This package implements the production function estimaton method from Gandhi, Navarro, Rievers (2020).

Installation

Use Julia's integrated package manager Pkg.jl

using Pkg
Pkg.add("GNRProdEst")

Usage

You can use estimation routine in two ways. Either run both stages using gnrprodest or run each estimation stage separately with gnrfirststage and gnrsecondstage. Versions of these functions that end with an ! modify their inputs (most importantly the dataframe).

Using gnrprodest and gnrprodest!

Both versions have exactly the same arguments. The difference is, that gnrprodest modifies its arguments (especially data). fes_returns is a NamedTuple of first stage return objects, ses_returns is the equivalent for the second stage, and estimation_sample is the DataFrame used in the estimation routine.

using GNRProdEst

fes_returns, ses_returns, estimation_sample = gnrprodest(data = DataFrame, output = :revenue, flexible_input = :flexible_input, fixed_inputs = [:fixed_input1 :fixed_input2 ...], id = :id, time = :time)

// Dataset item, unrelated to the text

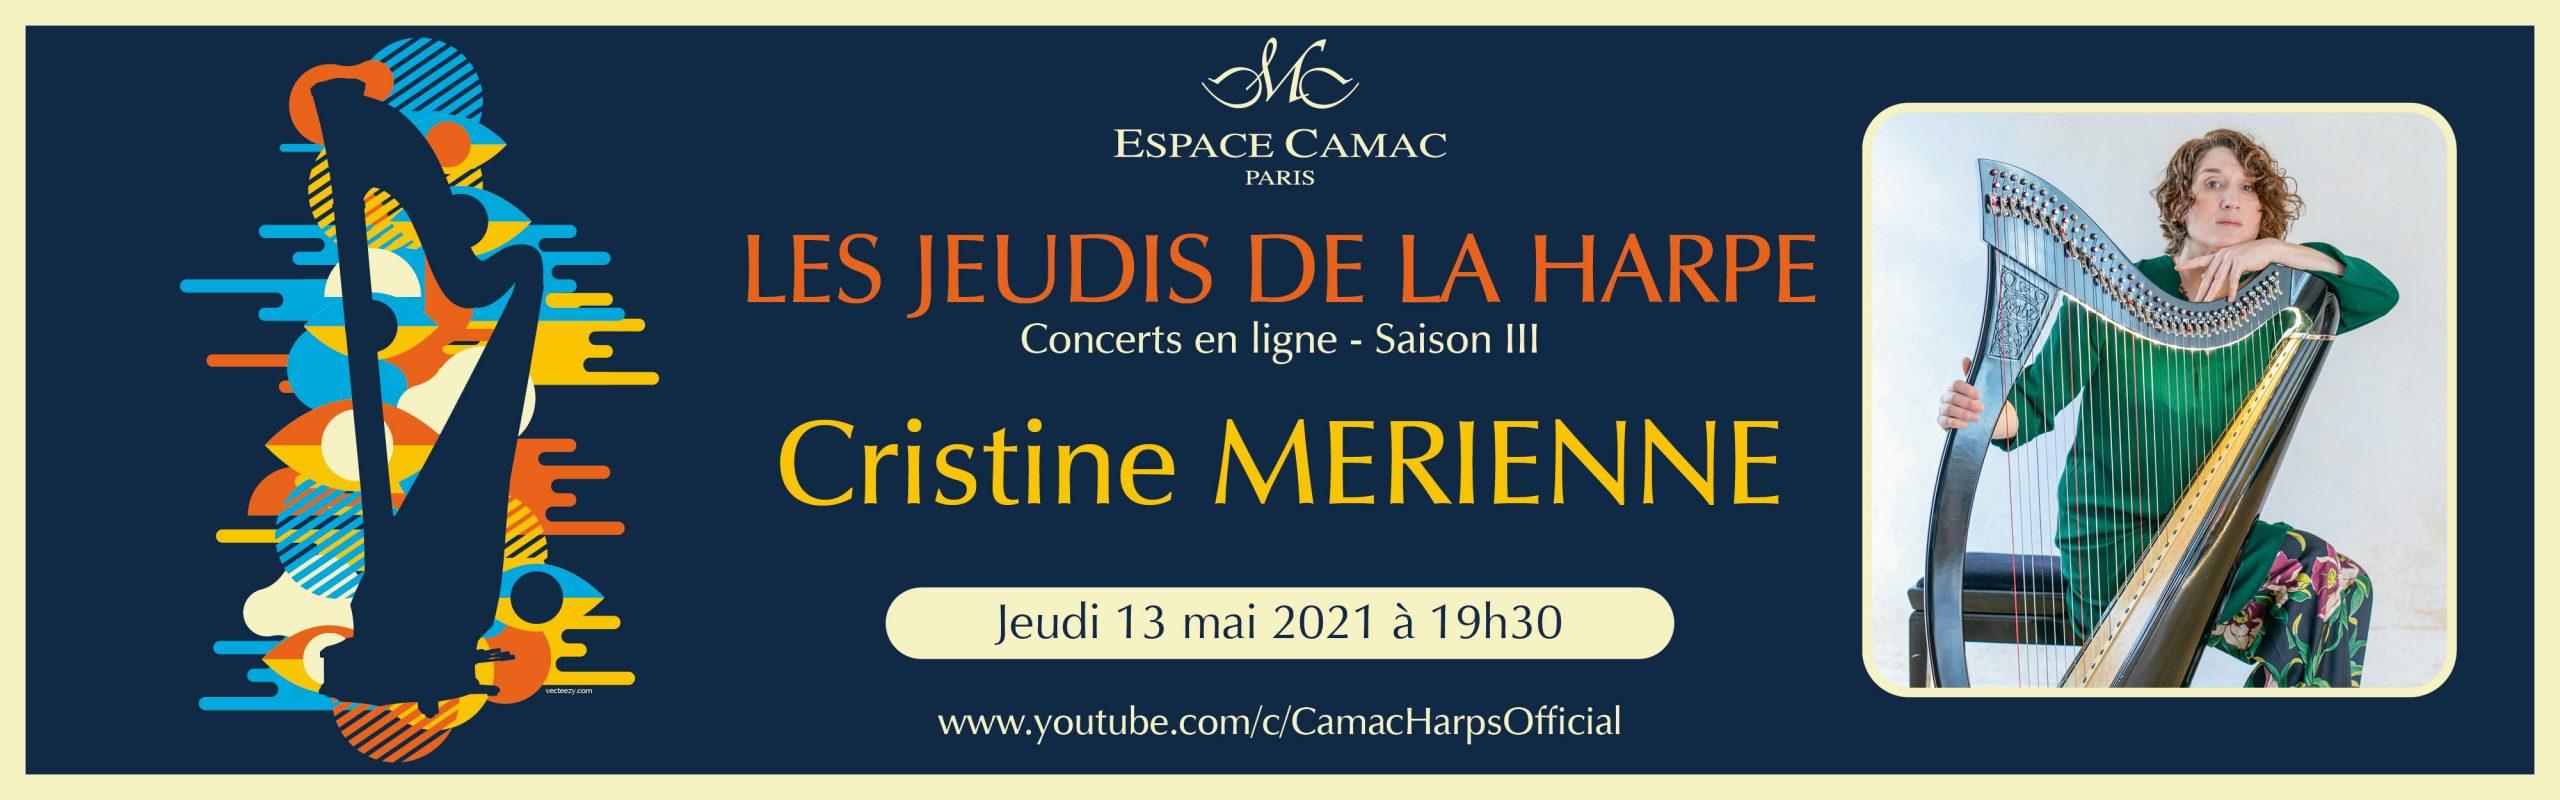 Les Jeudis de la Harpe : Cristine Merienne

fes_returns, ses_returns = gnrprodest!(data = DataFrame, output = :gross_output, flexible_input = :flexible_input, fixed_inputs = [:fixed_input1 :fixed_input2 ...], id = :id, time = :time)

Arguments

All arguments in any of the functions are keyword arguments. The necessary arguments are:

Optional Arguments

Using gnrfirststage and gnrfirststage!

Instead of using one command for both stages, you can estimate both stages independently. The command for the estimation of the first stage is gnrfirststage or gnrfirststage!. The difference is that the latter changes its inputs (especially the data). See the list of argument descriptions above.fes_returns is a NamedTuple of first stage return objects and estimation_sample is the DataFrame used in the estimation routine.

using GNRProdEst

fes_returns, estimation_sample = gnrfirststage(data = DataFrame, output = gross_output, flexible_input = :flexible_input, fixed_inputs = [:fixed_input1 :fixed_input2 ...],ln_share_flex_y = :ln_share_flex_y, share_degree = :share_degree, starting_values = :starting_values, opts = opts)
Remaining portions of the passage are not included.